A Pilot Study of Parent Education Intervention Improves Early Childhood Development Among Toddlers with Sickle Cell Disease

Background: Young children with sickle cell disease (SCD) are at high risk of cognitive delay. In a previous study, >50% of the infants and toddlers in our SCD clinic were significantly delayed (scaled scores 7 or below) in cognitive and language skills. These developmental delays were related to the home environment, but not to biologic risk factors associated with SCD. We hypothesized that a parent education program to encourage positive parent-child interactions would improve developmental outcomes.

Methods: Children with SCD, ages 1 - 36 months, living in stable housing within 30 miles of the hospital and with caregivers who spoke fluent English were enrolled over a three-year period in a pilot study of a single-arm behavioral intervention. Caregivers consented to participate in an accredited Parents as Teachers (PAT) Born to Learn curriculum, and to complete Bayley Scales of Infant and Toddler Development, Third Edition (BSID-III) and the Home Observation for Measurement of the Environment (HOME) assessments. An occupational therapist, certified as a PAT provider, completed all services and assessments. Home visits were scheduled monthly, but participants could cancel or reschedule at their discretion. Participation continued until the child was older than 3.5 years, or the parent chose to exit, or at the end of the three-year pilot period. SCD measures were extracted from medical records upon enrollment in the study. Analyses were conducted using IBM SPSS Statistics (Version 22, Chicago, IL). Continuous data were analyzed using the Wilcoxon signed ranks test for comparisons over time.

Results: Thirty-five participants (20 male; 16 HbSS, 15 HbSC, 1 HbS beta thalassemia⁰, 1 HbS beta thalassemia⁺, 2 HbS with hereditary persistence of fetal hemoglobin) had at least 2 PAT visits with BSID-III assessments. The mean ages of children was 7.9 + 6 months (range, 1-34 months) and of primary caregivers was 25.2 + 5 years (range, 15-35). At baseline, the children's hematocrit was 28.0 + 3.5% (range, 22-39) and their pulse oximetry was 99 + 1.3% (range, 96-100). The median number of home visits was 12 (range, 2-41) over a median of 18 months (range, 2-32). None of the biological variables significantly correlated with the BSID-III domains, but the HOME scores correlated with cognition (r=.410, p=.014). While there was no significant difference in the pre/post HOME scores over time (pre: 29.2, post: 31.3, n=14; p=.161), statistically significant improvements occurred in the cognitive (p=.016) and expressive language domains (p=.002). Table I provides longitudinal BSID-III results.

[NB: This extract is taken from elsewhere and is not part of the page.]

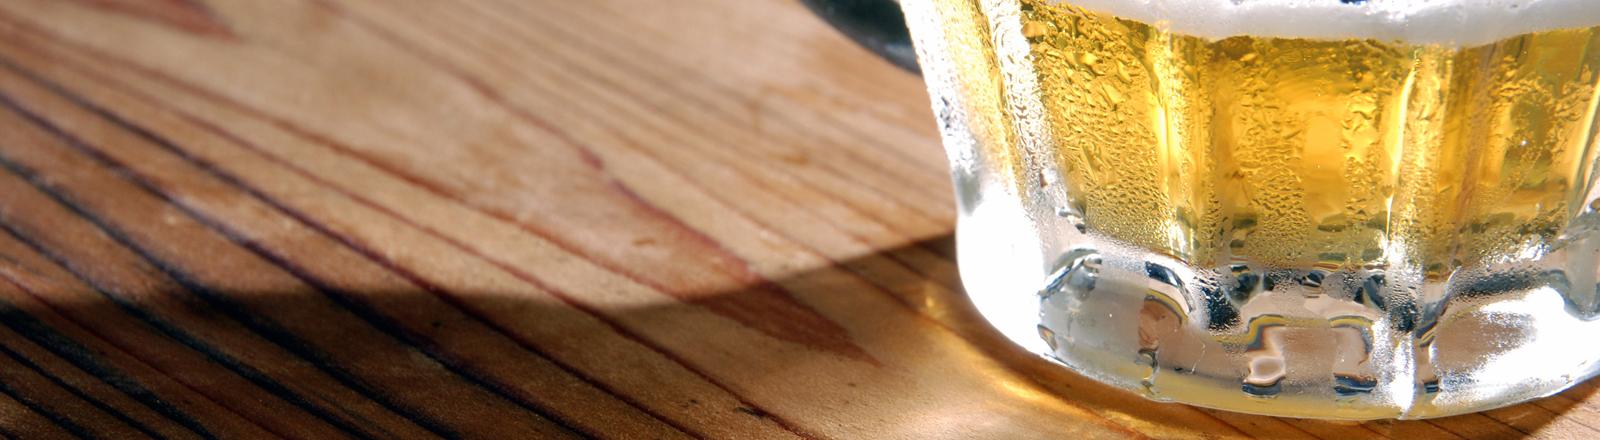 Ein halbvoller Bierkrug auf einem Tisch
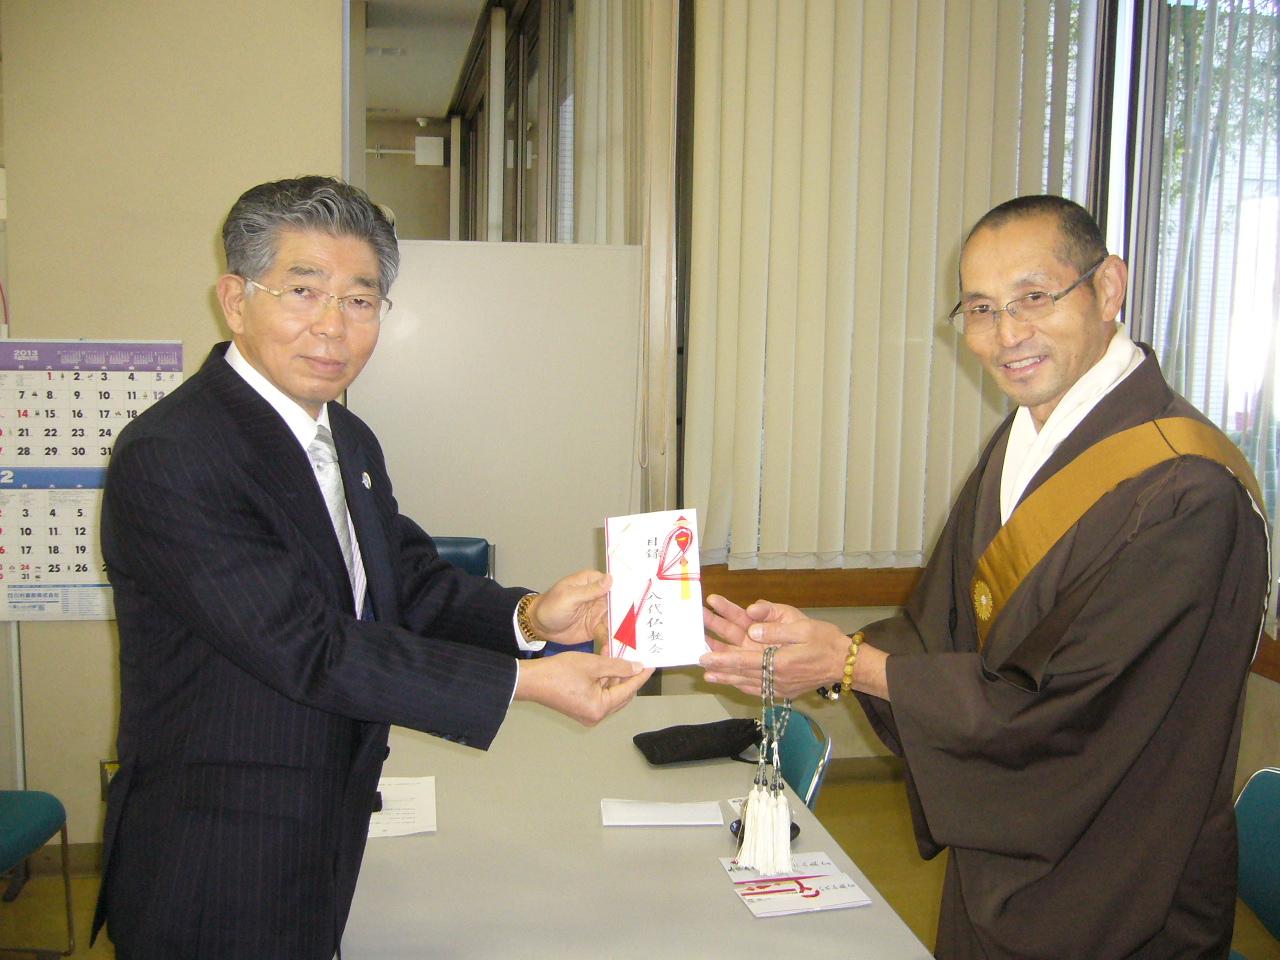 八代仏教会寄付贈呈2.JPG

Conclusion: Young children with SCD are at high risk for poor developmental outcomes. This is the first parenting intervention to specifically target parents of young children with SCD, and significant improvements occurred in the children's cognitive and expressive language domains. Further investigation is warranted to test the effect of implementation of this evidence-based intervention in a larger cohort of this vulnerable population.